Friday, May 15, 2009

The Empathic Life

I'm not psychic by any means, but I am empathetic. It's not that I can always tell what other people feel, but I almost always feel what they feel to some level.

I think we're all born with this ability, but learn to tune it out as we get older. If you watch small children, they laugh when other children laugh and they cry when other children cry, even if they don't know what they're laughing at or crying about. As we get older, these empathetic feelings get in the way of whatever we're trying to do or whatever we're trying to feel so we learn to block them out. They're still there though, always there.

The problem is that most of the time other people feel angry or annoyed or frightened or distracted and almost always lonely. Feeling those emotions of your own is bad enough, but when you share them from the people you encounter, it can become quite a burden.

It can be such a burden, that sometimes I prefer not to be around anyone at all. Feeling nothing but my own thoughts and my own emotions, although quite lonesome at times, is often better than sharing the suffering from the rest of the world.
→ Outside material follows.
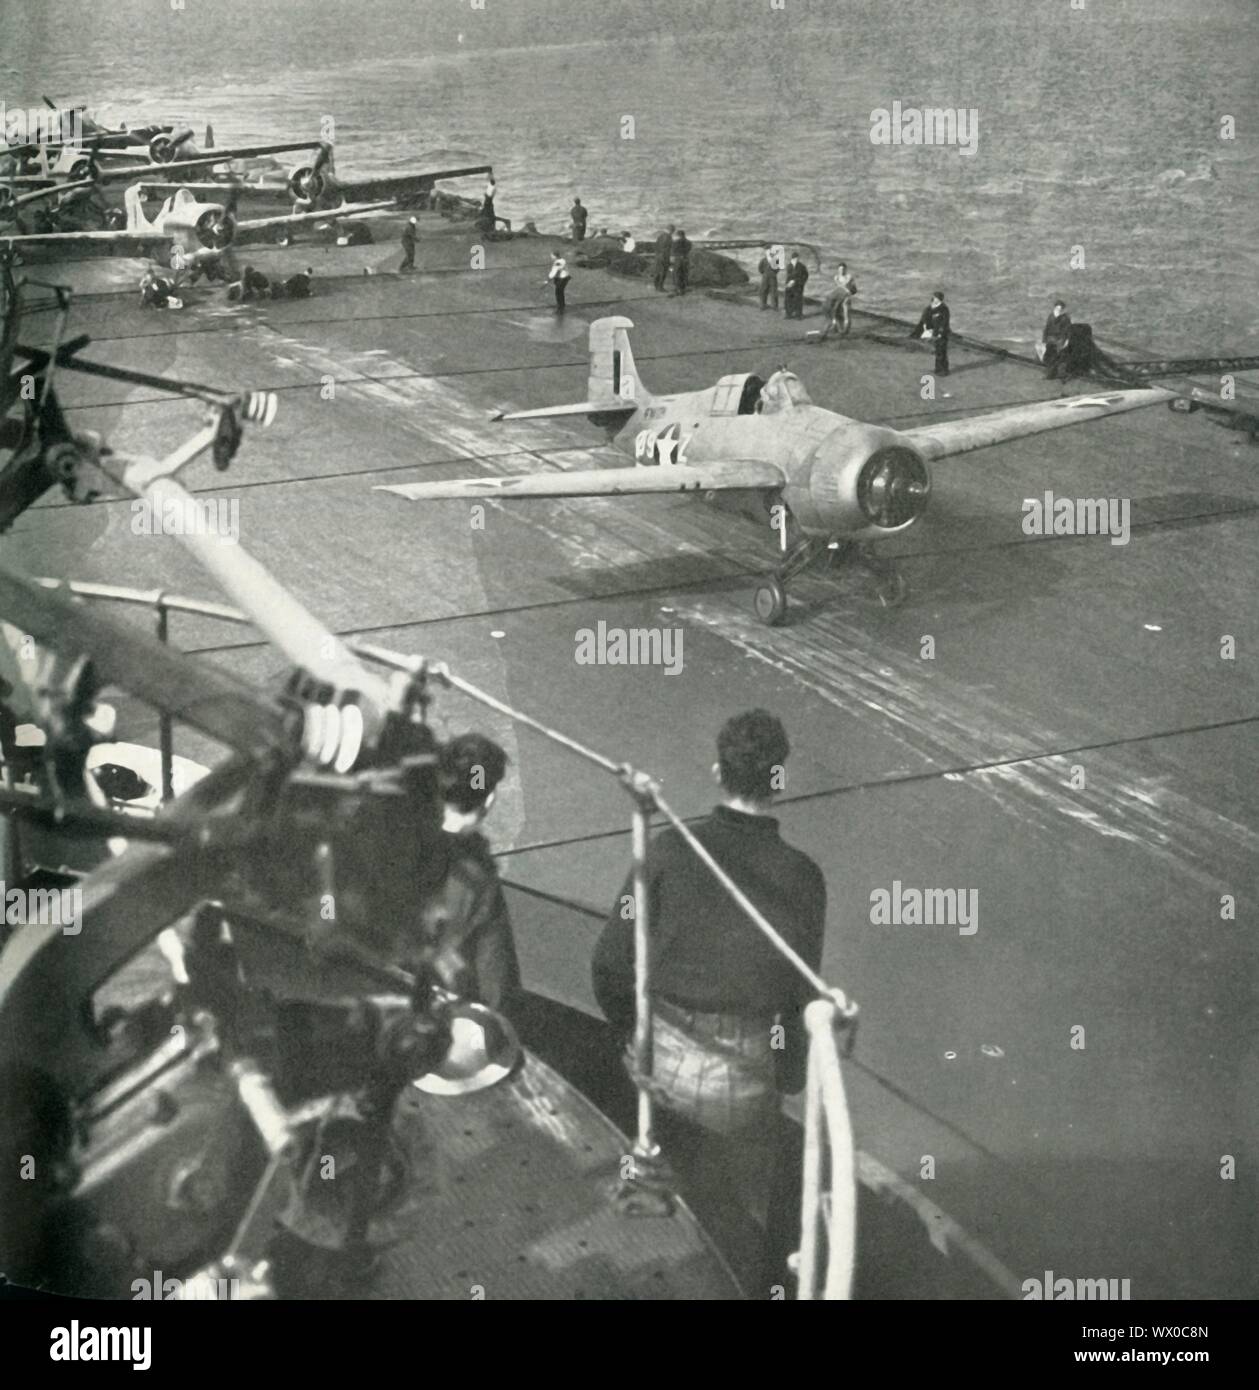 Fighter planes on board an aircraft carrier, Second World War, c1943. 'A Martlet [Grumman F4F Wildcat] of the Fleet Air Arm, bearing American markings, flies off a British carrier during the African operations, while other Martlets and Seafires are ready to follow. The Fleet Air Arm protected the [Royal Navy] Fleet and transports, covered the landings, and supported the advance.' The FAA is the section of the Royal Navy responsible for the operation of naval aircraft. From &quot;Fleet Air Arm&quot;. [His Majesty's Stationery Office, London, 1943] Stock Photo

A friend once suggested that I surround myself with happy, successful people and then I wouldn't mind sharing their empathetic experience. There problem there is that most happy, successful people don't usually feel that way, and if they do, they're often almost completely empty inside.

There is a payoff though. People do sometimes feel joy, love, laughter and beauty. Sharing these emotions with them can be a privilege. These things are valuable though because they're rare, and sometimes it can be a long dry patch between bright moments.

Sometimes I meet people whose need to share what they're experiencing is so great, that being around them almost crushes me. I let them do it though because I can feel how badly they need to share their experience, but it's pretty draining, and afterward I usually need sometime alone to recharge.

John Donne said "No man is an island", but he's wrong. All men are an island. We're close enough to signal each other and exchange goods, but ultimately we have to isolate ourselves to keep any identity at all.